—»Je comprends, s'écria-t-il lorsque cet accès d'hilarité fut passé, (il voulait sans doute donner de moi, à celui qui me protégeait, une idée qui le déterminât à m'abandonner,) je comprends parfaitement, Monsieur a plus que nous le talent de vous plaire et vous voulez rester avec lui; mais il n'en sera pas ainsi, je vous en donne ma parole d'honneur; c'est de votre plein gré que vous êtes venue avec nous, et morbleu! vous y resterez.
»Jusqu'alors mon protecteur n'avait rien dit et son silence commençait à m'inquiéter. Le chevalier avait-il atteint le but qu'il se proposait et allais-je retomber entre les mains de mes persécuteurs? La crainte du danger me donna de nouvelles forces, je ne voulais pas qu'il fût dit que j'avais succombé sans me défendre.

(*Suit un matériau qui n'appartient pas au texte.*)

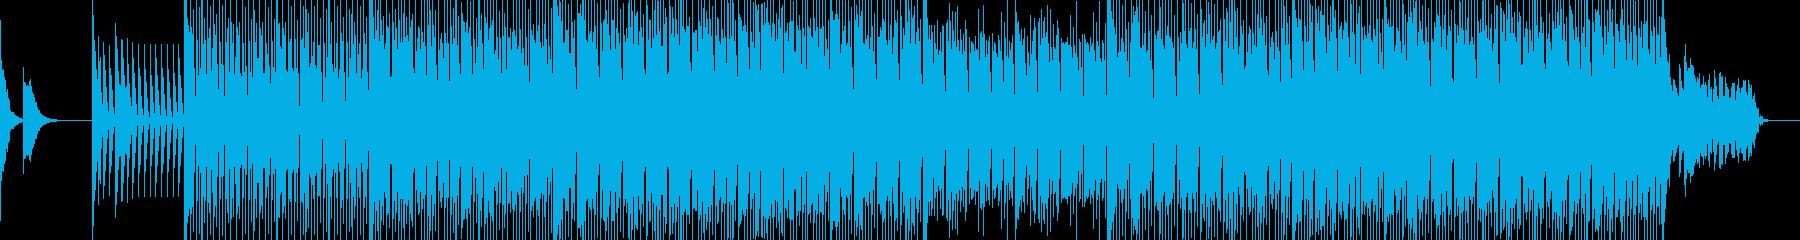 EDMクラブ系ダンスミュージック-125の再生済みの波形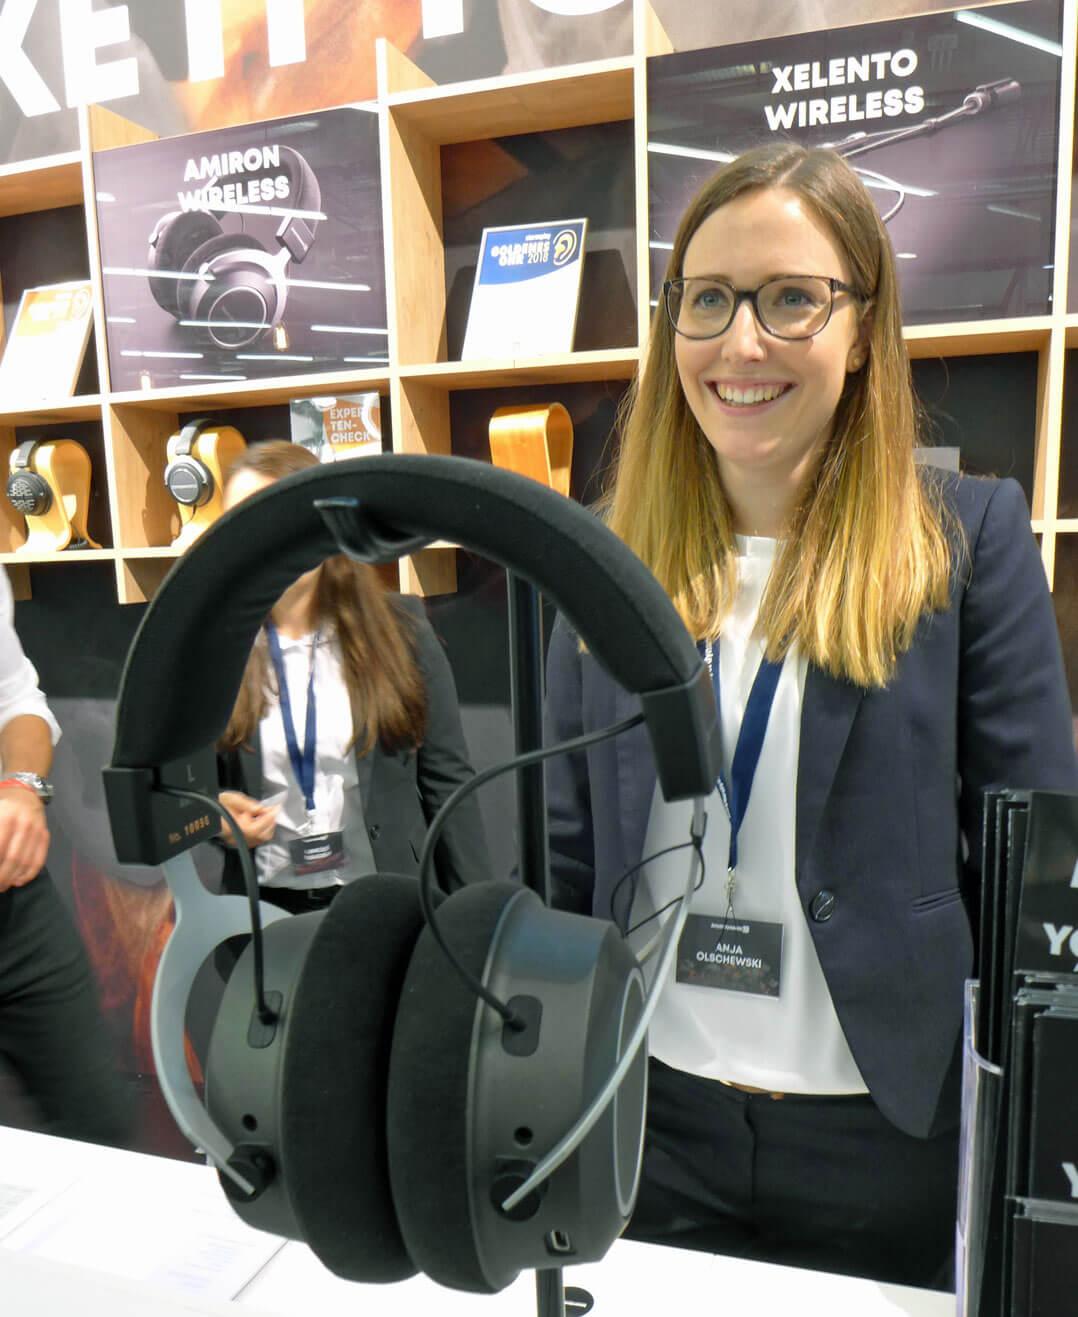 Beyerdynamic Amiron Wireless [mit Anja Olschewski, Head of Marketing]

—»Monsieur! monsieur! m'écriai-je en serrant avec force le bras de jeune homme, ne le croyez pas; et sans lui laisser le temps de me répondre, je lui dis en quelques mots comment j'avais été amenée à aller au bal de l'Opéra et pourquoi j'étais venue implorer sa protection.
—»Fariboles, que tout cela, s'écria le chevalier de Saint-Firmin, pures fariboles; venez charmante odalisque, nous avons commandé du punch, venez en prendre votre part, et il avançait sa main pour me saisir.
»Je poussai des cris perçants.
—»Arrière, monsieur, dit mon protecteur d'une voix éclatante, arrière. Et comme le frêle et chétif chevalier s'était placé devant nous et paraissait disposé à nous disputer le passage, il le repoussa si rudement qu'il l'envoya rouler à dix pas devant lui.
»Celui-ci se releva tout meurtri.—Monsieur, vous me rendrez raison de cette offense, dit-il d'une voix piteuse.
—»Allons, allons, monsieur le limonadier factice, je vous ai reconnu malgré vos lunettes, lui dit le jeune homme de l'air le plus dédaigneux, ne vous mettez pas en colère, retournez dans votre bouge, reprenez votre costume et vos moustaches grises, et faites préparer pour vos acteurs pygmées les rafraîchissements dont ils doivent avoir besoin après avoir dansé la polka, vous savez bien que les gens qui se respectent ne se battent pas avec vous; mais comme au portrait que mademoiselle vient de m'en tracer, j'ai deviné que votre compagnon, en tout ceci, n'est autre que monsieur le comte de ***, dont vous êtes le proxénète ordinaire, vous pouvez lui dire de ma part que je suis tout à son service. Vrai Dieu! ce sera faire une bonne action que de débarrasser la société de ce vieux représentant des mœurs de la régence.
»Je tremblais de tous mes membres, car je venais d'apercevoir parmi les quelques personnes rassemblées autour de nous celui dont mon protecteur parlait avec tant de mépris.
—»Répéteriez-vous devant la personne dont vous parlez, ce que vous venez de dire, dit le comte de ***?